Они пили чай и, не стесняясь, разглядывали друг друга. При хорошем освещении Кара увидела, что глаза у Тимура не чёрные, а золотисто‑коричневые, цвета крепкого чая с лимоном. Нос с горбинкой, впалые щёки, глубокая морщина поперёк лба. На вид около сорока лет. Почти ровесник. Он рассказал, что владеет компанией, которая занимается строительством деревянных домов и бань. Кара ответила, что работает старшим кассиром в супермаркете на углу, и вздёрнула подбородок, отчего мужчина рассмеялся:
– А ты гордячка. Молодец. Слушай, у меня идея!
Она задержала дыхание. Тимур говорил весело, слегка прищурив глаза, отчего вокруг них собирались тонкие морщинки‑стрелки. Сейчас он сделает какое‑нибудь непристойное предложение, и ей придётся вытолкать его взашей. Хотя как справиться с таким громилой? Строительный бизнес? Ха‑ха, наверняка он бывший спортсмен и бандит. Но страха не было.

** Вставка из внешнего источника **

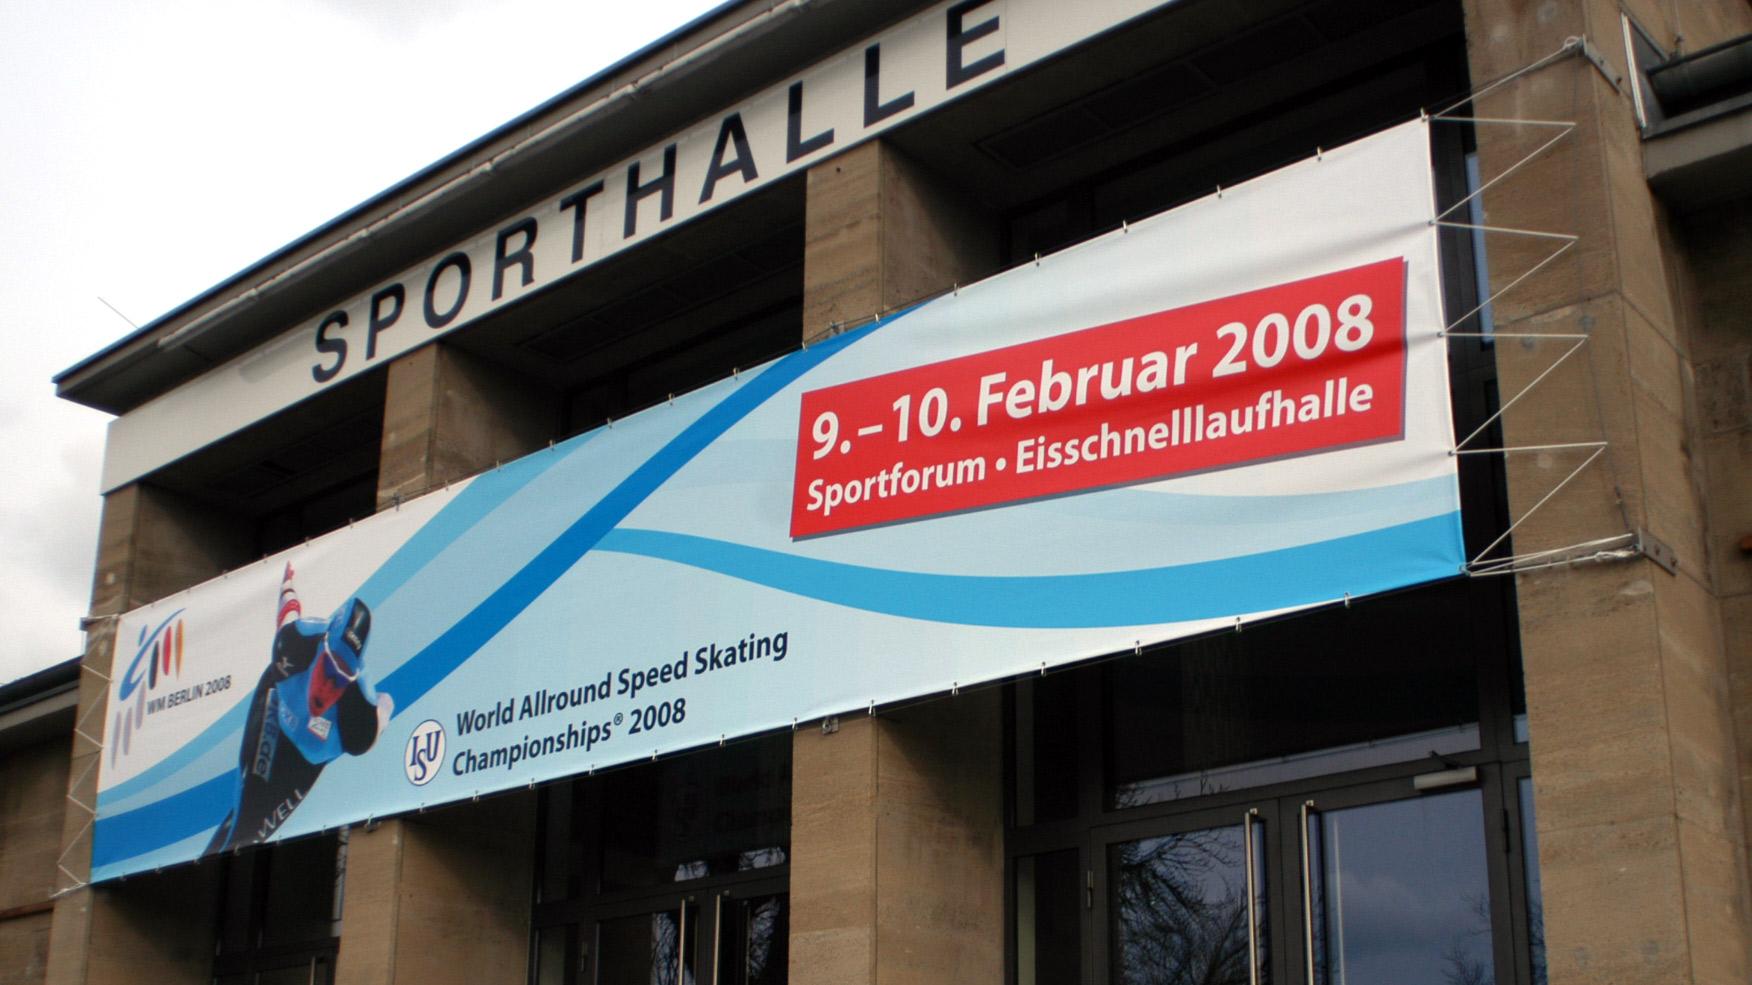 Sport-Berlin-Matti-Michalke-Berlin-Brandenburg-Aussenwerbung-Innenwerbung-Banner-Planen-Folien-Werbemittel-Druck-Print

– Мать недавно перенесла инсульт. Не лежачая, но передвигается только с ходунками. Ей нужна помощь, а из меня, сама понимаешь, сиделки не выйдет. Вот я и подумал… Ты живёшь рядом, деньги тебе нужны. Может, подружишься с ней? Ничего особенного делать не нужно, уборку я заказываю, еду она сама как‑то готовит, за собой более или менее ухаживает, но ведь ей одиноко, я знаю. Поговорить не с кем, да и на улицу она одна выйти не может.
Кара опешила от столь неожиданного поворота.
– Почему не нанять сиделку?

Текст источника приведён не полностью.